Sublinearity of the number of semi-infinite branches for geometric random trees

TL;DR

This paper investigates the growth of semi-infinite branches in geometric random trees, showing that their expected number crossing large circles grows sublinearly, with results applicable to multiple models.

Contribution

It introduces a method to prove sublinear growth of semi-infinite branches in various geometric random tree models, including RPT, FPP, and LPP.

Findings

Expected number of semi-infinite branches is o(r)

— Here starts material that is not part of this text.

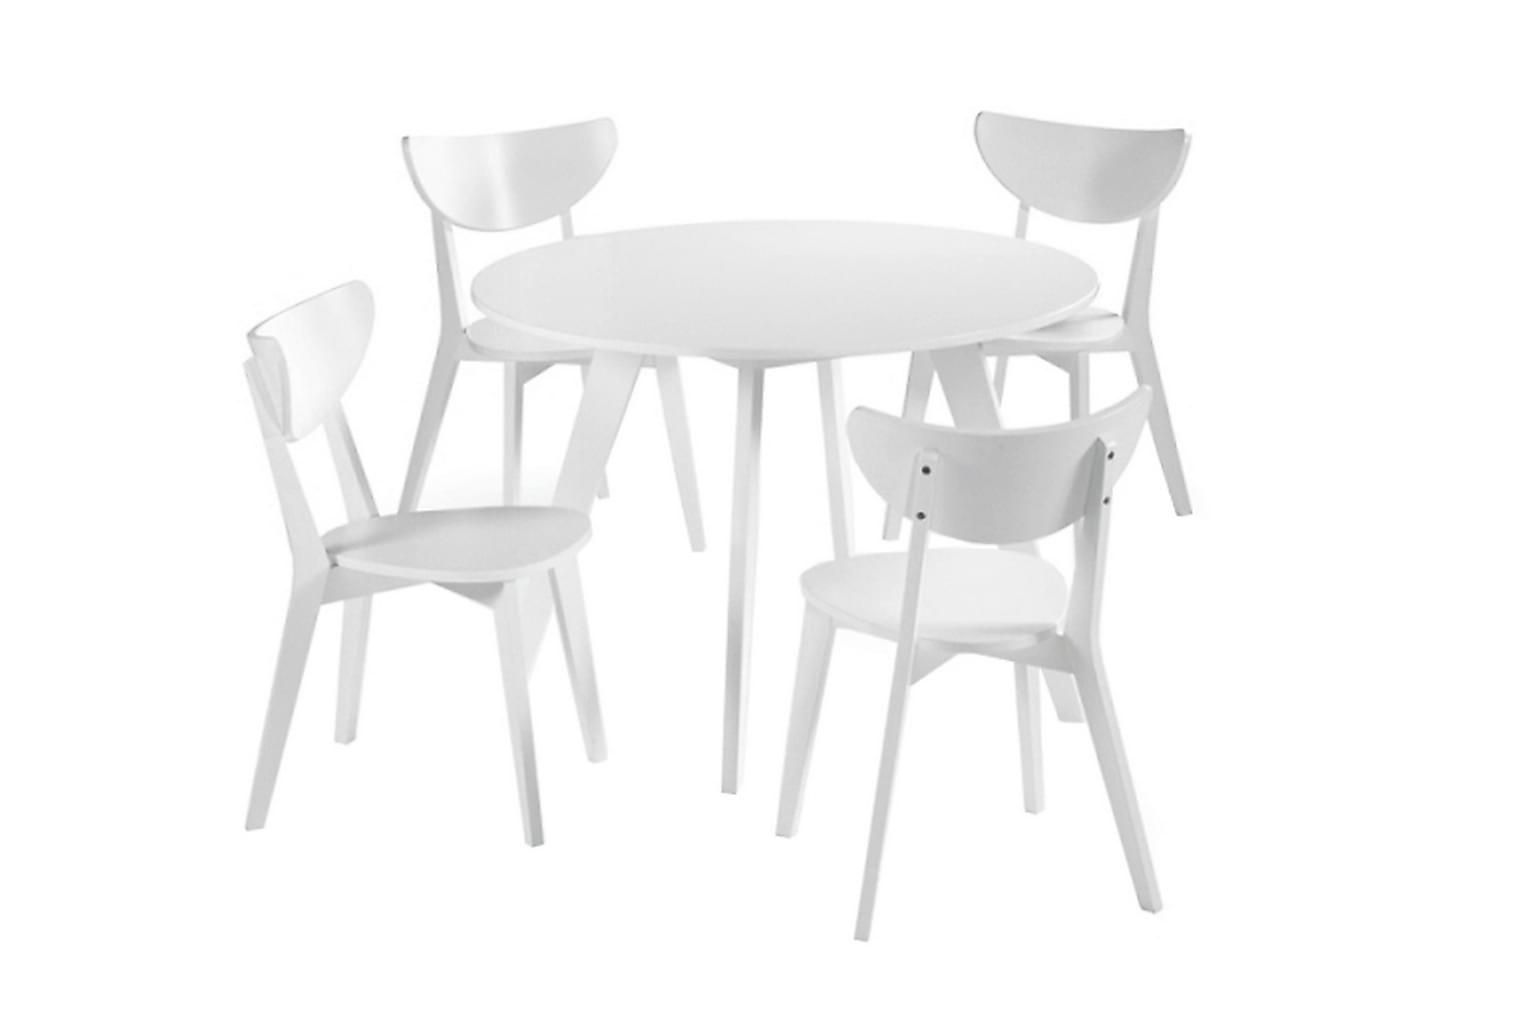 FAGERSTRÖM Pöytä 110 Valkea + 4 Tuolia Valkea
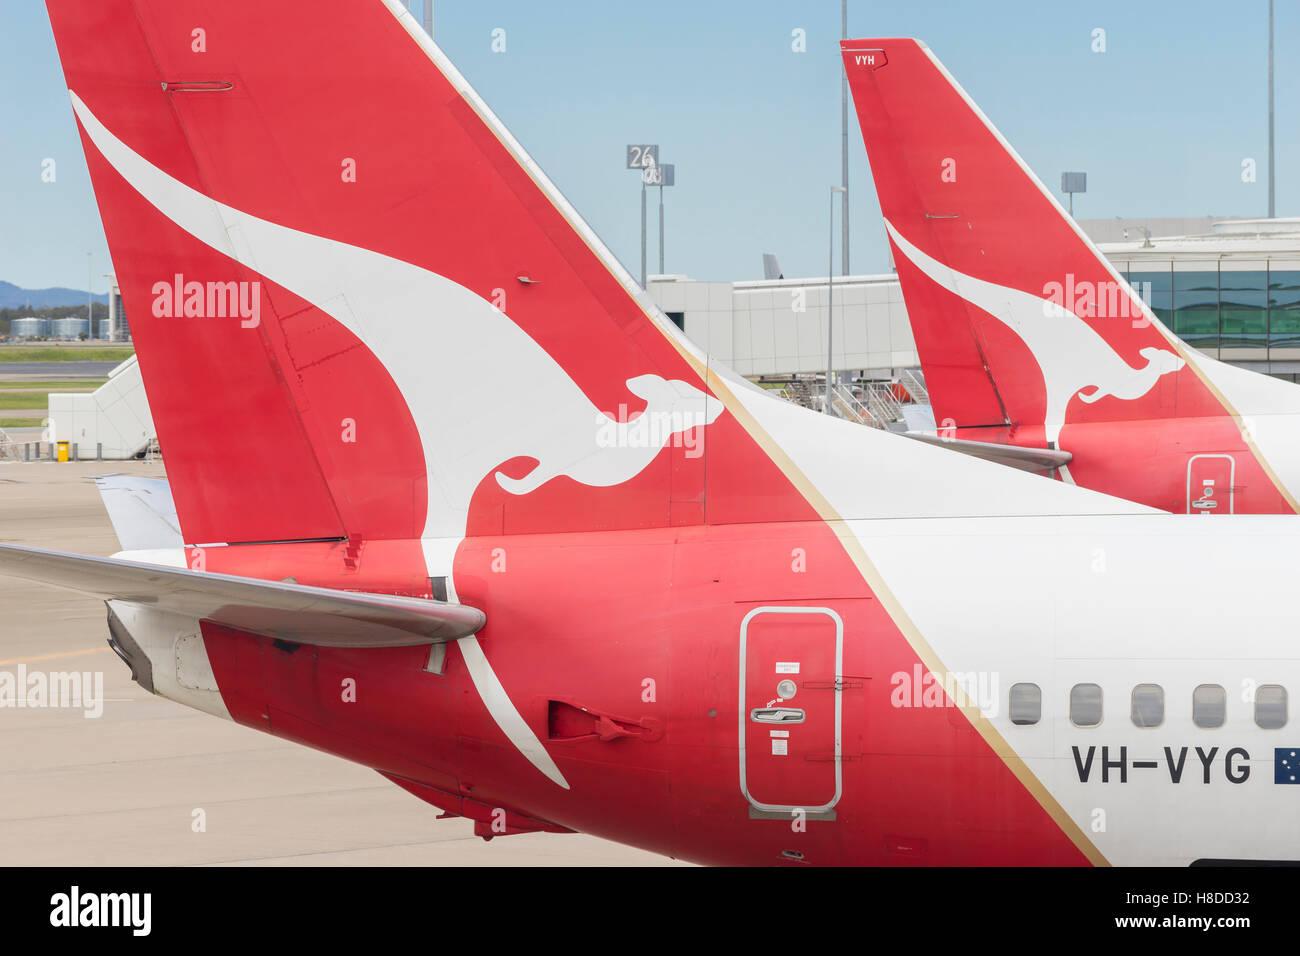 Close-up of Qantas aircraft at Brisbane Airport - Stock Image

For RPT, hi_r is o(r^{1-\u03b4}) almost surely

Method applies to multiple models, demonstrating robustness

Abstract

The present paper addresses the following question: for a geometric random tree in $\R^{2}$, how many semi-infinite branches cross the circle $\CC_{r}$ centered at the origin and with a large radius $r$? We develop a method ensuring that the expectation of the number $\chi_{r}$ of these semi-infinite branches is $o(r)$. The result follows from the fact that, far from the origin, the distribution of the tree is close to that of an appropriate directed forest which lacks bi-infinite paths. In order to illustrate its robustness, the method is applied to three different models: the Radial Poisson Tree (RPT), the Euclidean First-Passage Percolation (FPP) Tree and the Directed Last-Passage Percolation (LPP) Tree. Moreover, using a coalescence time estimate for the directed forest approximating the RPT, we show that for the RPT $\chi_{r}$ is $o(r^{1-\eta})$, for any $0<\eta<1/4$, almost surely and in expectation.